Now that the kitchen is firmly in the hands of his son-in-law, Josko Sirk can devote his time and energy to another project: artisanal aceto. Just down the drive from the restaurant he’s built a star-shaped wooden house; inside is a distillery where he uses whole grapes to produce an exquisite vinegar, sweet enough to flavor ice cream. You spritz it onto food as if you were squirting it with a lemon. Industrial production takes 20 minutes, but he ages aceto his for two summers. The vinegar even has its own website.

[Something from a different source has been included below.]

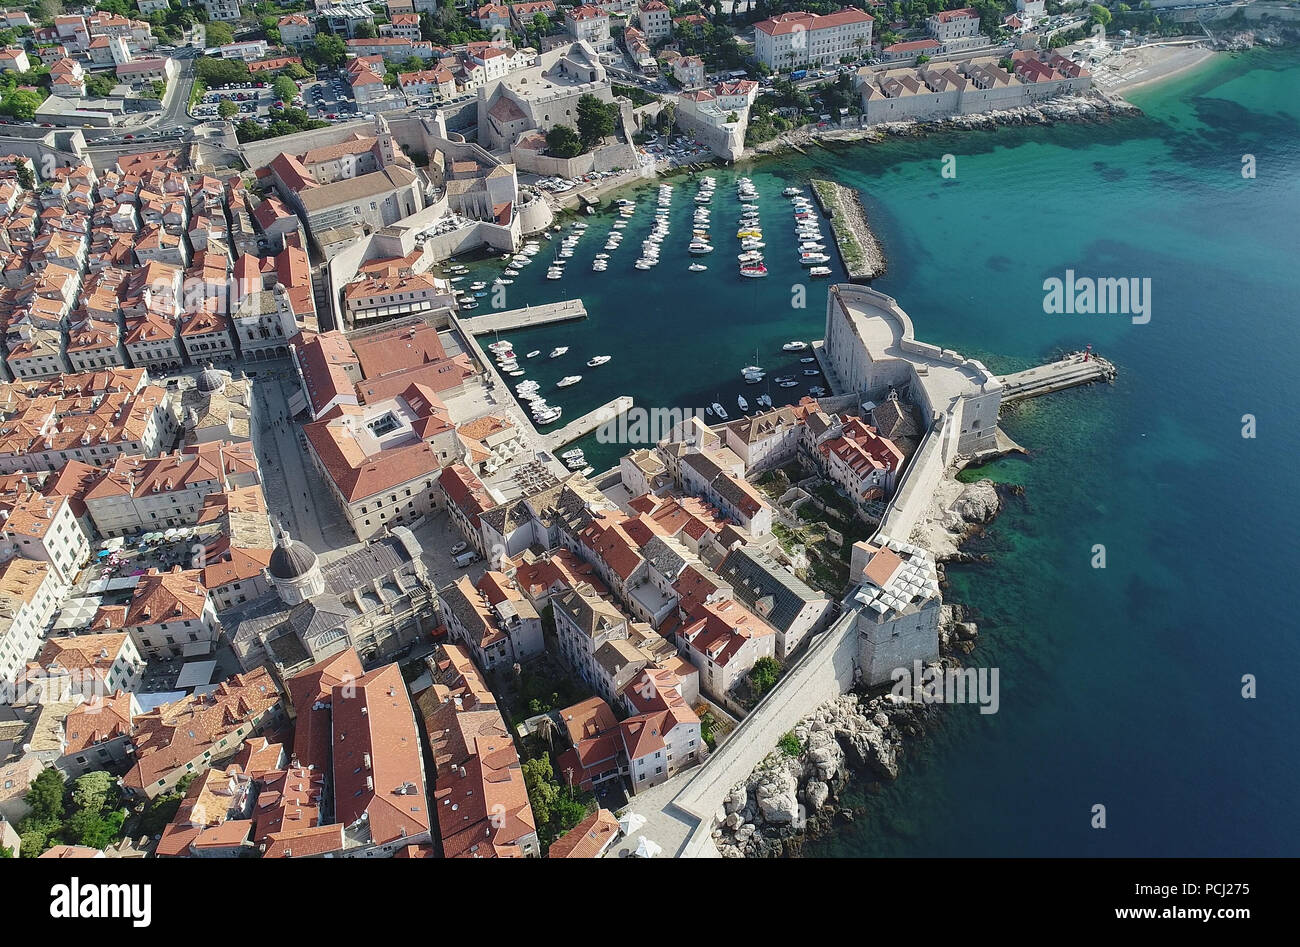 Town of Dubrovnik city walls and harbor UNESCO world heritage site aerial view, Dalmatia region of Croatia Stock Photo

And let us not neglect to mention that my visit to Italy was sponsored by the Consorzio Collio Carso, the marketing association of Collio and Carso wine makers. Grazie, grazie mille.
And a bit more...
At the border between Italy and Slovenia, the area of Collio is a mix of traditional Austrian Friuli and Slovenia. It is a land ennobled by the presence of fine wines that are considered among the best in the world. On its hills alternate with villages, castles and churches lonely. A rough and varied landscape, full of strong contrasts of flavor and delicate hillsides, between small villages and vast vineyards. In the heart of these lands, Cormons, in the province of Gorizia, there is a country hotel with restaurant, tavern and some cozy and cared for. The Subida is a small town for green tourism. The perfect place for a holiday in contact with nature and especially with good food. The restaurant trattoria Al Hunter was born in 1960, and some years ago the owner, Josko Sirk, decided to approach a charming place to stay, La Subida precisely where work his wife Loredana and daughters Tanya and Erika. The restaurant of the past has been carefully renovated and furnished with cupboards, chairs and tables of the local tradition. Meet the chef Alessandro Gavagna, which serves traditional cuisine and fresh creations, bringing her food in her experiences with Walter Eynard, Igles Corelli, David Scabin and Alain Ducasse. That somehow changed his life: "As a kid," he confesses, "if I had not the hotel I chose the school for mechanics." But, fortunately for us, this dreamer and sometimes shy introvert that season every dish is finished with flair in the kitchen. And in his dishes gives us all the flavors of the land of Collio: just take a look at the recipes that he wanted to give us, such as roe deer or pink tadpoles of pasta with vegetables and mushrooms, to realize this. But Al Cacciatore you can also taste the plum dumplings or žlikrofi (ravioli stuffed with potato chips Montasio), while for those who love the soups there is pozganka (with flour, eggs and flowers of wild fennel). Also excellent fillet of venison with cranberry sauce, duck breast with porcini mushrooms and saddle of venison with chestnuts.
Contemporary sophistication but also respecting tradition and territory: this is the philosophy of Alexander Gavagna, a great lover of the quality and freshness of the products. The raw materials are crucial for him, so that if you were to choose to open a restaurant in another corner of the world choose Brazil "because it is a land rich in quality products." Why, he said, "even to make a simple dish like pasta, garlic, olive oil and the quality of the ingredients is essential." And if you say it is a 'hunter' of flavors like him we can be sure!
When & Where
Opened in the fall of 2012, L'Apicio gets its name from the 18th century Italian cookbook, bringing Epicurean Group's modern Italian-inspired food to the East Village in addition to a thoughtful cocktail and wine program. L'Apicio is open for dinner seven days a week featuring a spacious bar area and outdoor seating, in addition to the main and private dining rooms.